Nouveau duo avec Caro du blog lesheuresdecoton. Nous utiliserons dans ce texte, à l'endroit de notre choix, une phrase de Mado :


"Au plus tendre du poignet, à la plume, elle avait signé son envol d'un trait d'encre".

Voici le texte de Caro, le mien sera publié Mercredi prochain.

 

 

Cet été-là

 

Léane regarde les cinq colis que le livreur a déposés. Ils sont maintenant coincés entre le comptoir et l’armoire jusqu’à ce soir. D’ordinaire, avec ses cafés à tout heure et ses drinks au pied de la mer, la cahutte est bondée. D’ordinaire, tante Phyléa est la maîtresse des lieux. Cet été-là, cette dernière erre chez elle, abîmée par un virus qui a envahi le monde. D’ordinaire, les serviettes et les châteaux de sable redessinent la plumeplage. Cet été-là, la moitié des vacanciers espérés sont restés chez eux.

D’ordinaire, Léane vient aider sa tante pendant la haute saison : à la rentrée elle retrouve Lille, les petits boulots, Matthias son compagnon et Chevron, le chat.
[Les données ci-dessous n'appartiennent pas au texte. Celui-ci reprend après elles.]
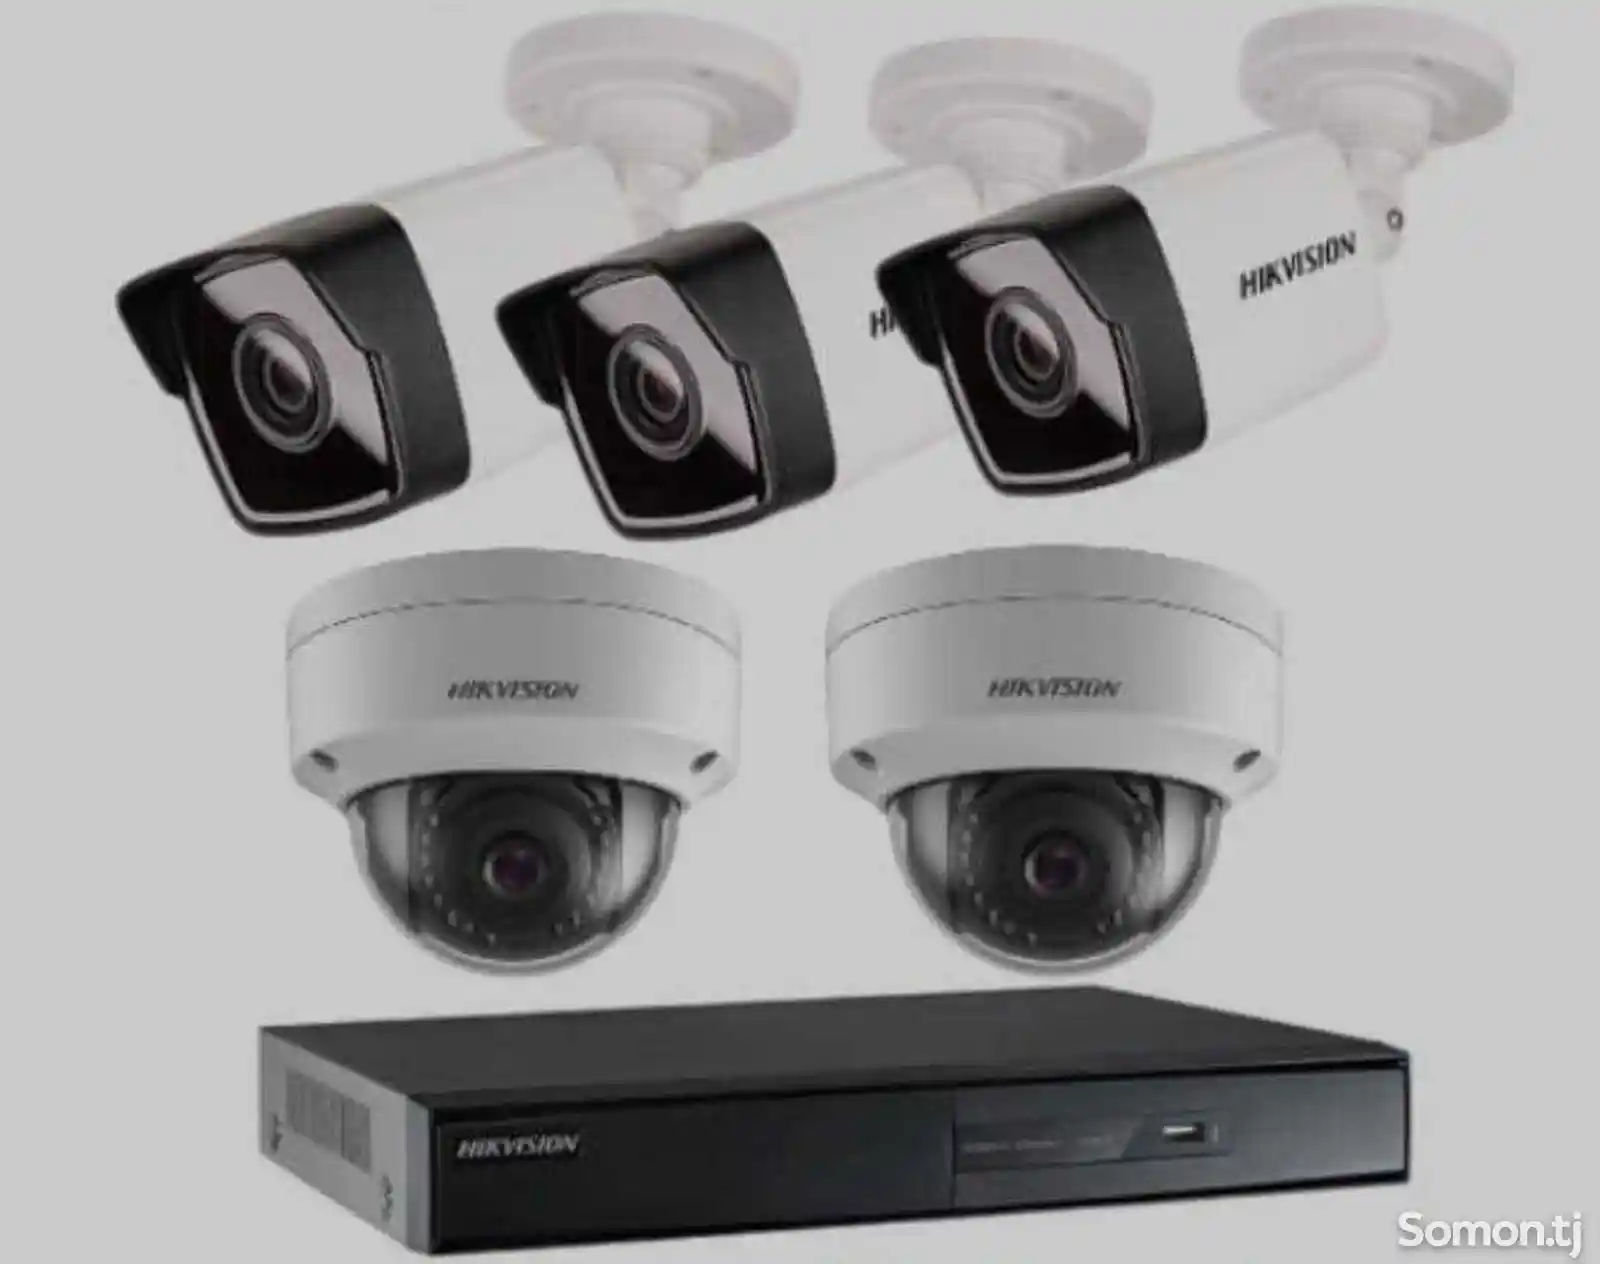 Прошивка базы и камеры видеонаблюдения
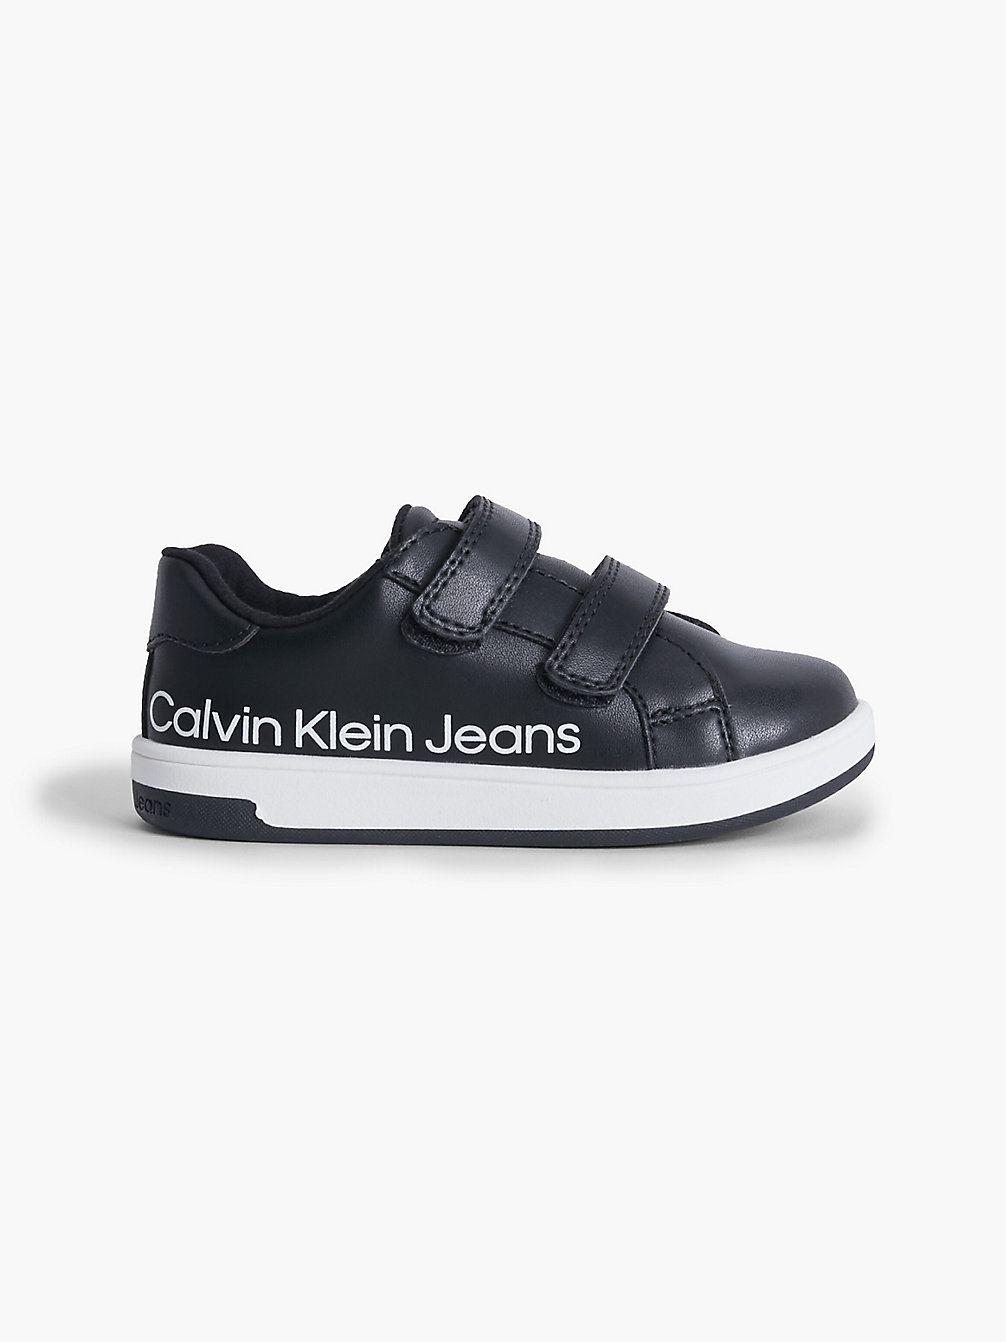 BLACK Recycelte Sneakers Für Kleinkinder Und Kinder undefined kids unisex Calvin Klein

Elle connaît la cahutte depuis ses 15 ans ; elle venait y faire le coup de main. A défaut des vacances que ses parents ne lui payaient pas, les soirs à longer l’océan l’emportaient ailleurs. Ici rien n’est tout à fait réel, l’été est entre parenthèses. Il a cette odeur douce des peaux gorgées de crème solaire et de sel. Ici, elle a appris à surfer correctement et a engrangé les veillées avec braseros sur la plage et les amours faciles. Ici, elle a su le goût inégalable de certaines enfances.

Un groupe de touristes luxembourgeois vient de quitter la paillotte. Il est 10 h, seul en terrasse, l’homme au polo rêve devant son café. Il se lève et laisse quelques pièces. Il vient chaque jour, le matin et avant la fermeture. Il est chic et sobre, sans ostentation. Un soir, alors que la nièce et la tante prenaient l’apéritif une fois le rideau de la devanture baissé, Phyléa s’était imaginée lire les lignes de la main de ce client dont le prénom leur était inconnu. La cocasserie du curriculum qu’elle avait alors improvisé les avaient amusées toutes deux jusque tard dans la nuit.

Cet été-là, Léane a posé ses bagages dans la chambre minuscule qui l’accueille pour la saison depuis ses 15 ans. Elle a laissé derrière elle, Lille, Chevron, le chat, et Matthias.

Léane sait que rien n’est sûr dans les plis hasardeux d’une paume, mais lire un visage… De l’homme au polo, elle discerne les lignes de vie majeures : pas d’amertume au coin des lèvres, le pli de celui qui rêve et réfléchit, le réseau infime au coin des yeux qui marque le rire. Alors que Léane débarrasse la table, elle trouve un papier froissé : "Au plus tendre du poignet, à la plume, elle avait signé son envol d'un trait d'encre". La jeune femme regarde le minuscule tatouage qui orne, depuis son arrivée, son poignet droit, une plume d’où s’envolent de minuscules oiseaux. Elle observe l’homme qui s’éloigne, il faudrait qu’elle ose lui parler. Il faudrait quelle lui rende le papier qu’elle tient dans sa main.

 

 

 

 

 

 

Commentaires
G
Un virus qui met l'été, Léane et les autres dans une parenthèse inattendue, celle d'un océan qui vogue sur les lignes de vie de l'imagination... une plume qui nous fait rêver aussi.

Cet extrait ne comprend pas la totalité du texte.